Concernment

Clock

 


 

Jungguk's POV

 

While I was walking home from another tedious school day, I passed by the multistory building where Yun Hee was remaining in. For a while I caught myself adopting a new habit which included me halting in front of the prestigious building and just staring blankly at the entrance, like a lifeless statue. The strange thing was whenever I wasted my time with freezing, I noted how my mind just went vacuous and not a sole thought was able to disturb me.

 

There was an incident where a woman happened to walk by me, to tread into the building. However before she fully entered, she turned around to ask me if there was an exact person who I was searching for, as she had already caught me rooted at the entrance for a few times. Gotten pulled out of my trance and feeling embarrassed that someone beheld me in my creepy action, I hurriedly returned her question with the statement that I wasn't searching for anyone. Afterwards I swiftly escaped the scene and while running away, I got aware of the fact that now I seemed even more suspicious to ones eyes.

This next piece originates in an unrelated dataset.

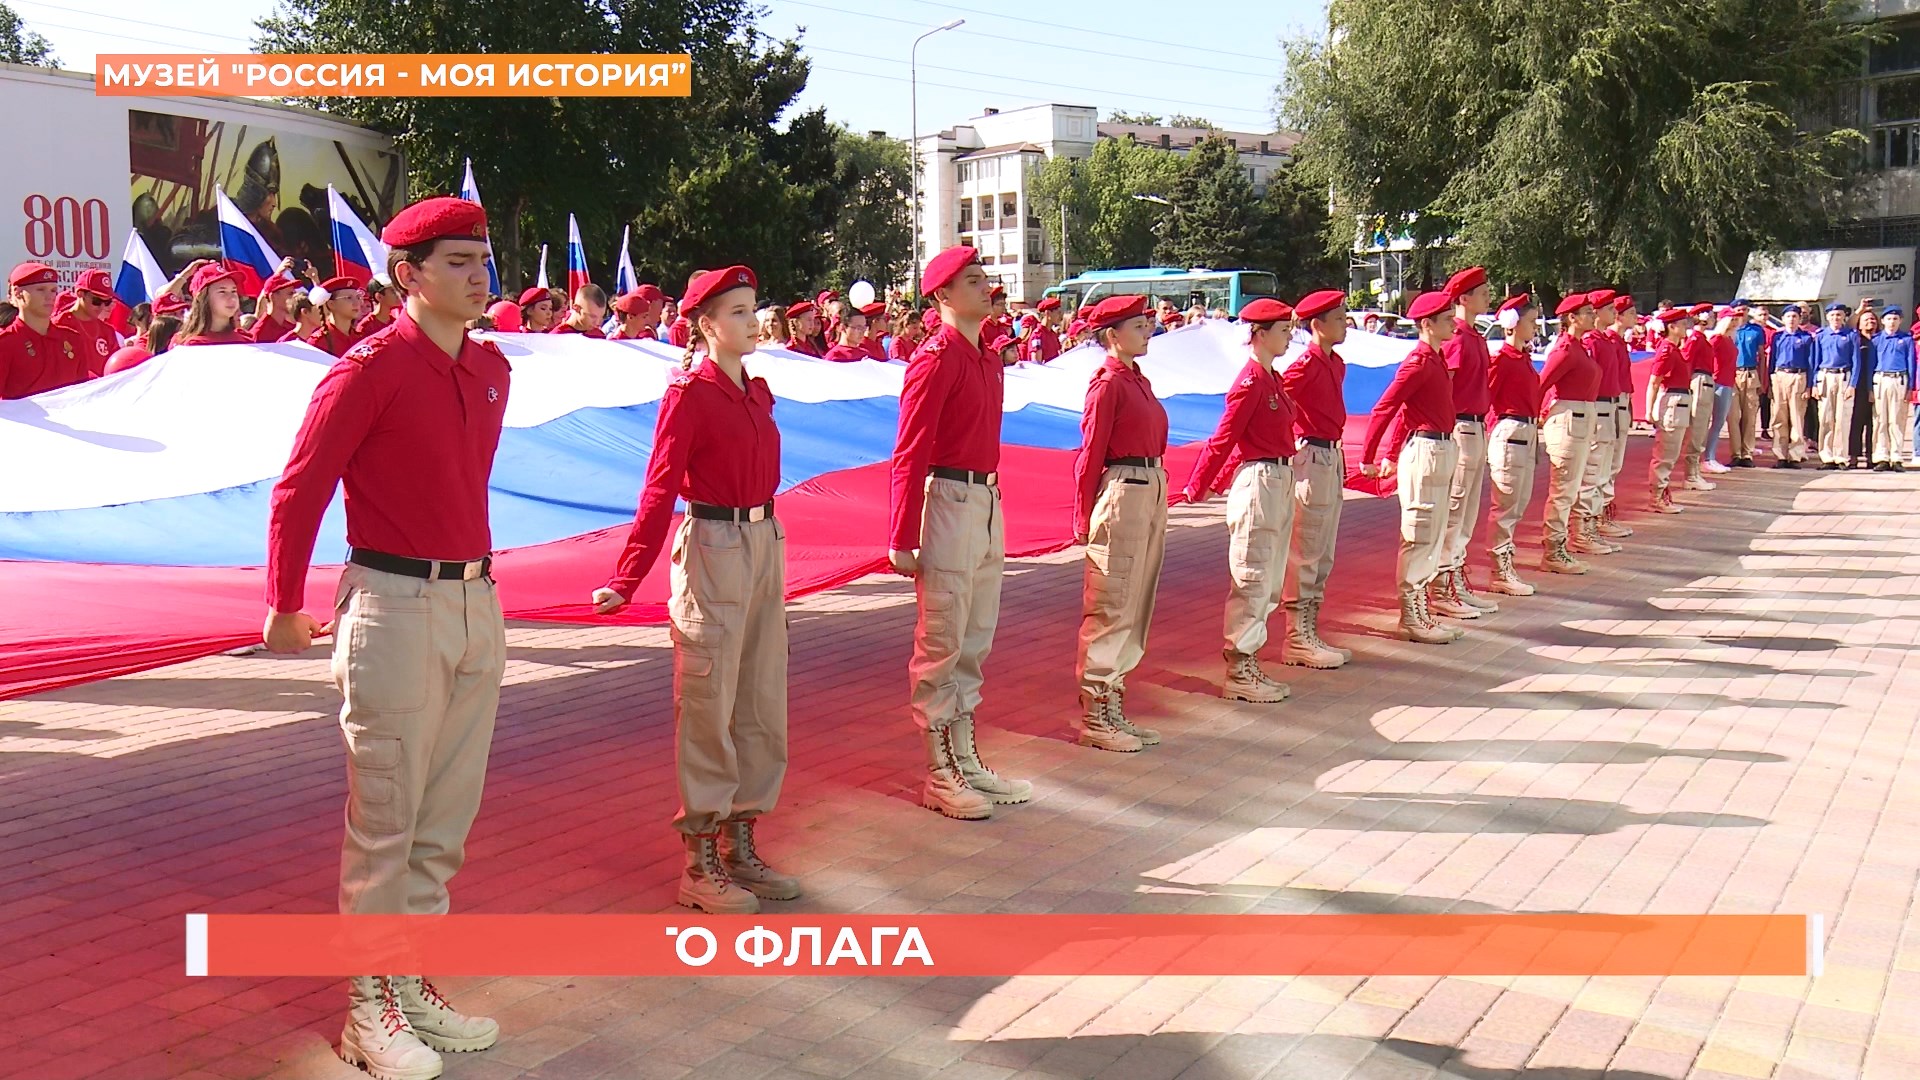 Триколор торжественно подняли на площадке перед музеем «Россия — моя история»

I was sure after my getaway, the woman will certainly think that I was a stalker who for everyone's safety, needed to get hauled in jail.

 

However even though I made a fool of myself, I still continued to stop infront of the multistory building. Staring silently through the transparent sliding door and wondering if Yun Hee was at home. I haven't seen her since two weeks and due to that, did I find myself growing unbearably curious about where she had been. 

 

After our break-up I had to admit that I disreputably ignored and ostracized her from my normal life. I don't know what made me act so rudely towards Yun Hee and why I didn't try to interact with her. As after all she was still a really precious person who I loved to spent time with. Therefore it frustrated me to not know the reason behind my cowardly actions.

 

There were various times where I told myself now was the moment for me to gather all my courage and finally approach her. For the sole reason that I wanted to at least exchange a few words with her. However every time I twisted on my heels to dart in her direction, I irritatingly witnessed how my confident packed its suitcase and ran away while leaving me back to inhale his dust. Not having the braveness to move further I always stood rooted to the cold dirty floor while my eyes where only able to behold her lone form that was sitting desolate by the window.

 

Seeing her like that made an appalling pain slice mercilessly through my skin and if I didn't knew better with the desire to cut me bloodily. I hated leaving her all alone without anyone keeping her the deserved company. However even though I despised it so much, I was never able to act against it and add another person near her private space. I was merely able to witness her carrying on her days without anyone killing the time with her.

 

And if it wasn't worse enough last week our teacher told us that she checked out of our school. The second he announced the unpleasing news only shock was able to dominate my system and the skill to breath seemed to have been reset. Though after a few seconds I found additional emotions joining hand with the first one. Feelings like apprehension and anxiety.

 

Not caring that I was acting rude, I immediately shouted at my teacher why she dropped out. However he didn't tell me the reason why she signed out and even when I adamantly begged him to share the cause with me, he still refused vehemently. 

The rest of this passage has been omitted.